Portal vein thrombosis (PVT) is a common complication in patients with advanced-stage hepatocellular carcinoma (HCC). The authors evaluated the impact of radiotherapy (RT) for PVT of HCC and analyzed the dose-response relation between RT and PVT.
Between March 1995 and December 2003, 59 patients diagnosed as HCC with PVT were included. The inclusion criteria were unresectable tumor with thrombosis in the main or first branch of the portal vein, liver function of Child–Pugh Class A or B, and an Eastern Cooperative Oncology Group performance status score of 0–2. The median age of the patients was 57 years (range, 36–78 years). A daily dose ranging from 2 to 3 gray (Gy) was administered using 6 or 10-megavolt (MV) X-rays, at 5 fractions a week, to deliver a total dose range of 30–54 Gy, which was a biologic effective dose of 39–70.2 Gy10 with an α/β ratio of 10.
Follow-up computed tomography scans showed a complete response (CR) in 4 of 59 patients (6.8%), a partial response (PR) in 23 patients (39.0%), no response (NR) in 28 patients (47.5%), and progressive disease (PD) in 4 patients (6.8%).
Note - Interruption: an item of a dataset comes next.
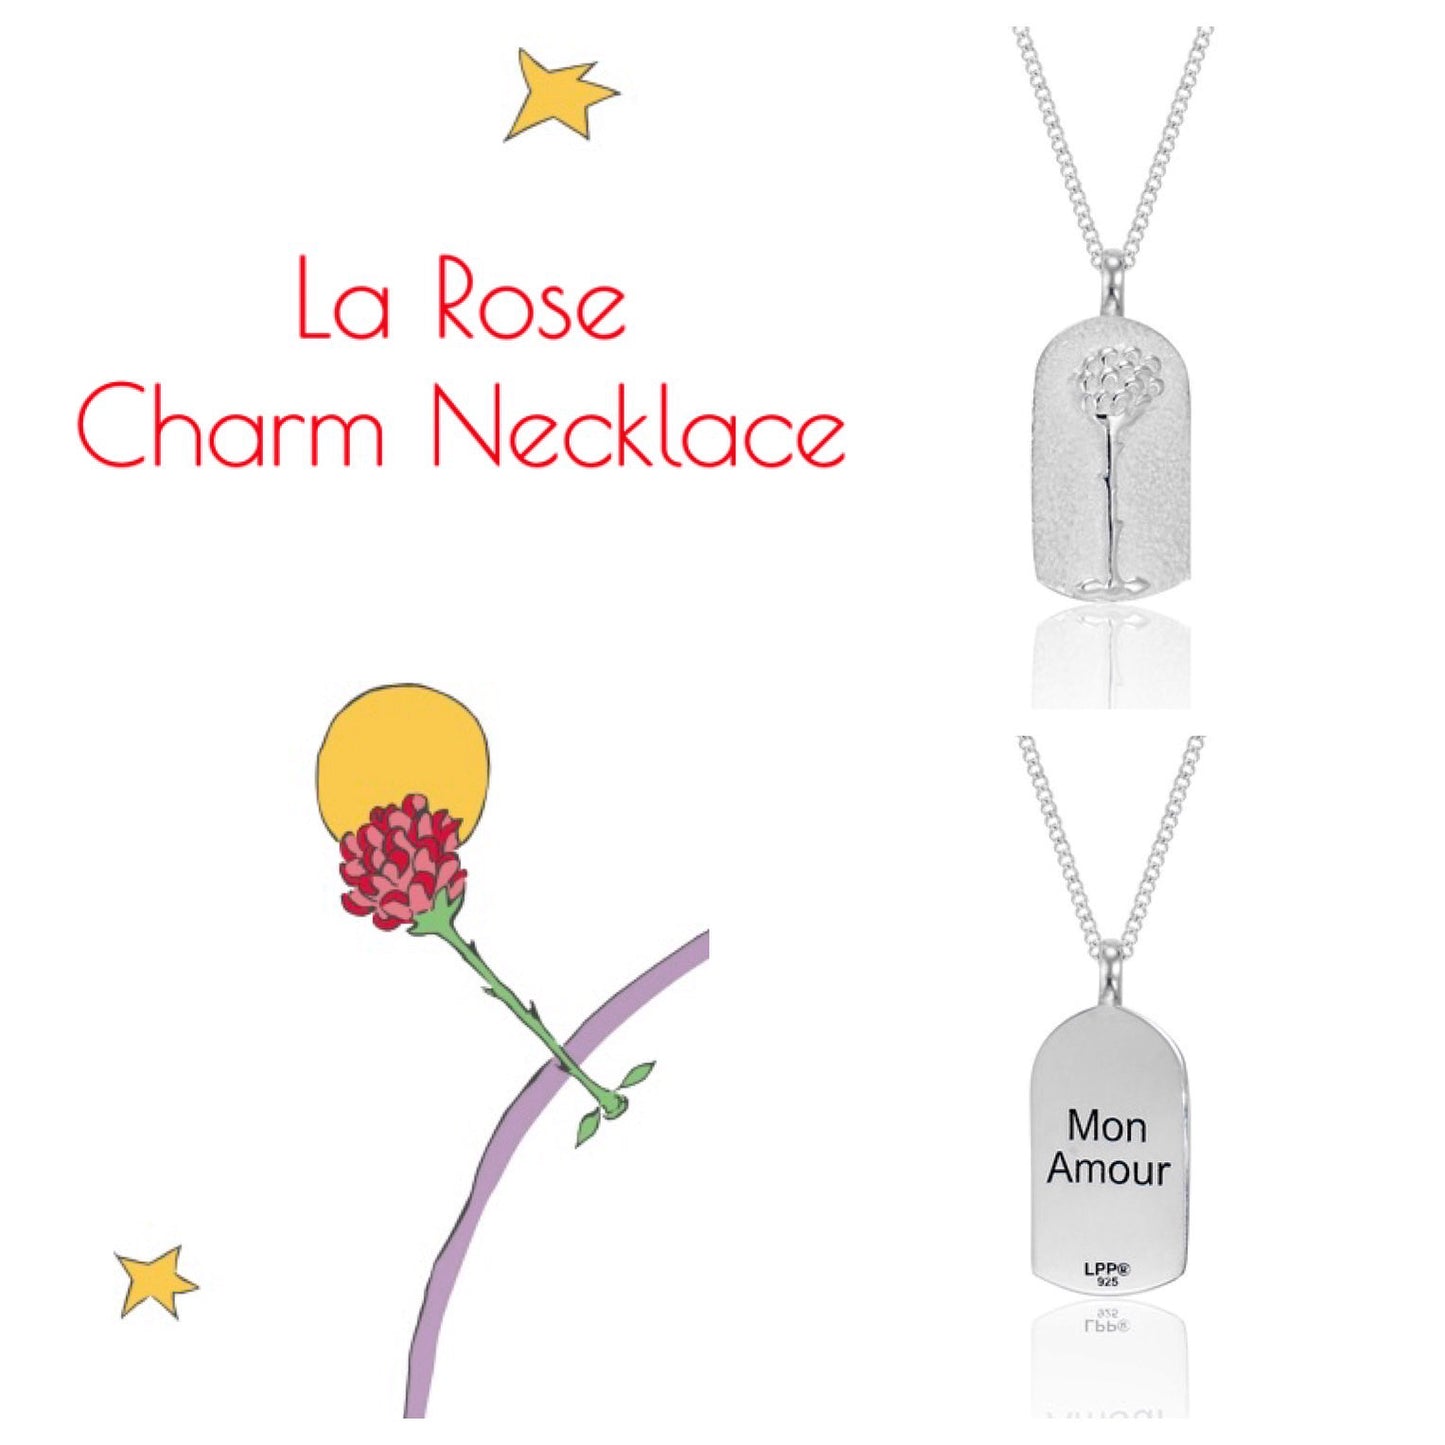 La Rose Charm Necklace
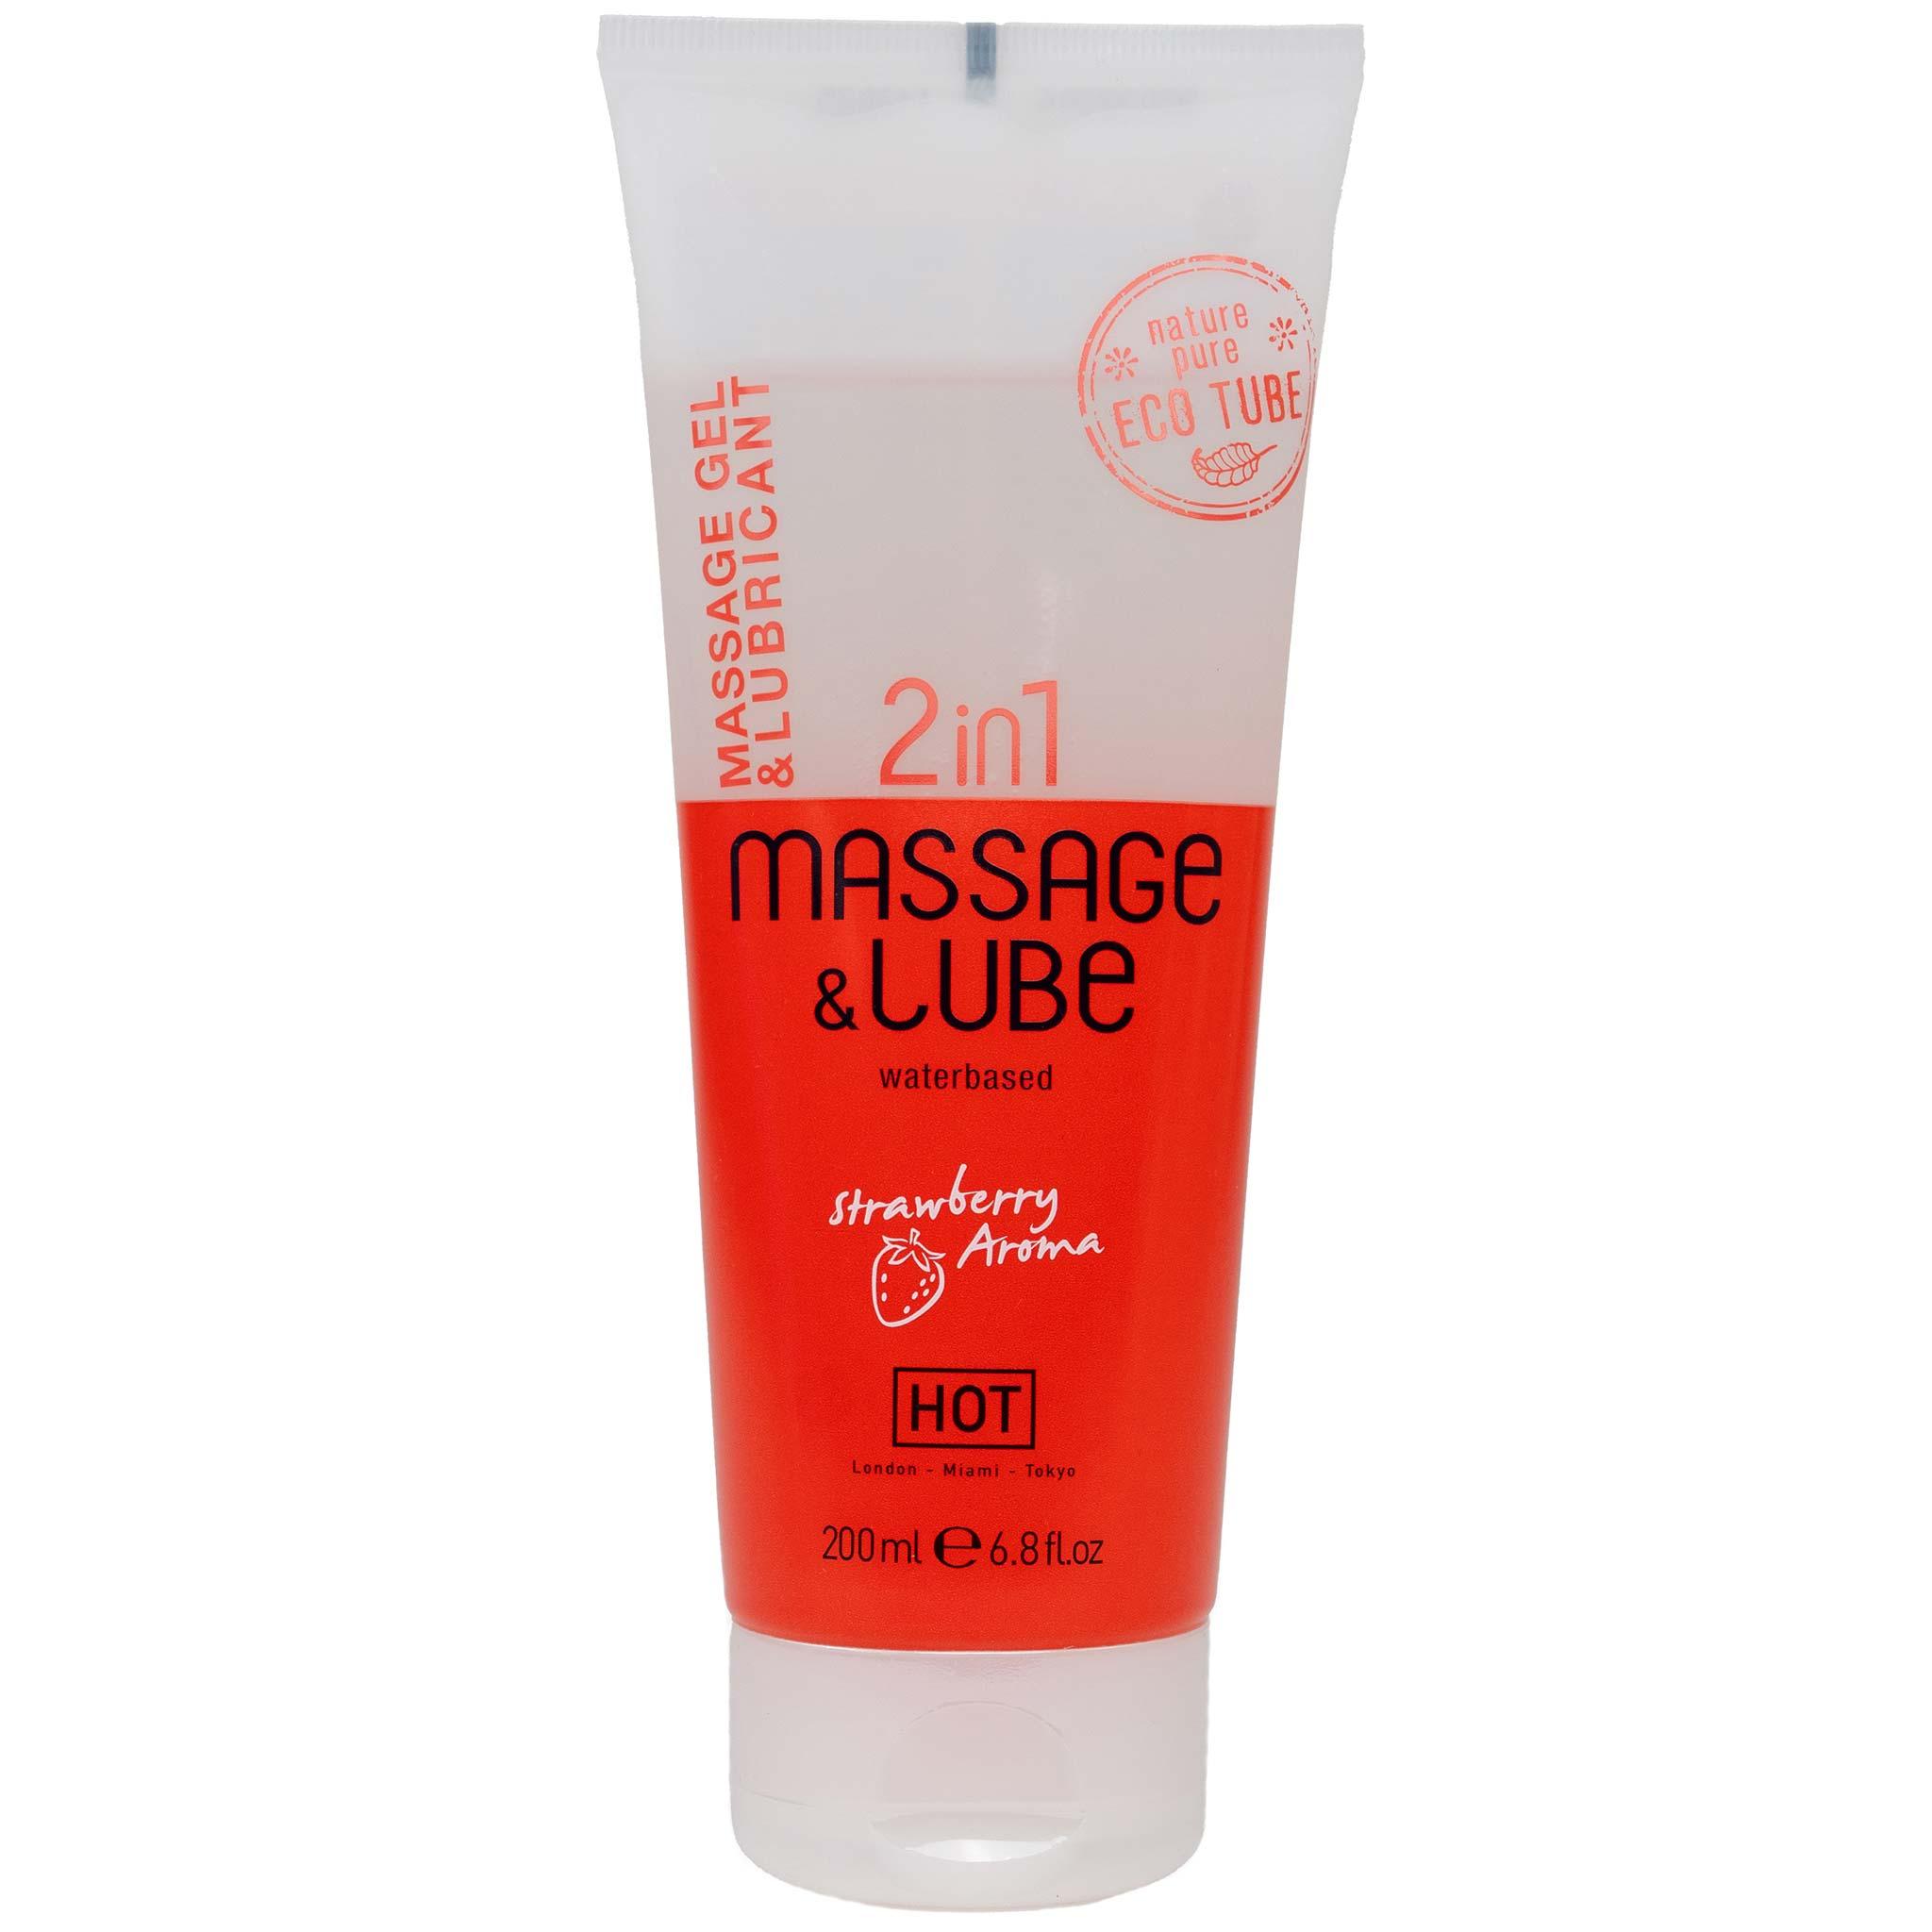 HOT Massage-& Glide gel 2in1 Strawberry, 200ml/6.8fl.oz

The mean RT doses in the responders (CR and PR) and nonresponders (NR and PD) were 59.6 ± 5.6 Gy10 and 54.9 ± 8.5 Gy10, respectively (P = 0.036). The response rates in patients receiving < 58 Gy10 and ≥ 58 Gy10 were 20% and 54.6%, respectively (P = 0.034). The median survival duration and the 1-year and 2-year survival rates in the responders were 10.7 months, 40.7%, and 20.7%, respectively, and were 5.3 months, 25.0%, and 4.7%, respectively, in the nonresponders (P = 0.050).
RT induced a 45.8% objective response rate for PVT in patients with HCC. A dose-response relation was found to exist between the RT dose and PVT response. These results suggested that RT may be a treatment option for PVT in patients with HCC and that an RT dose ≥ 58 Gy10 should be recommended. Cancer 2005. © 2005 American Cancer Society.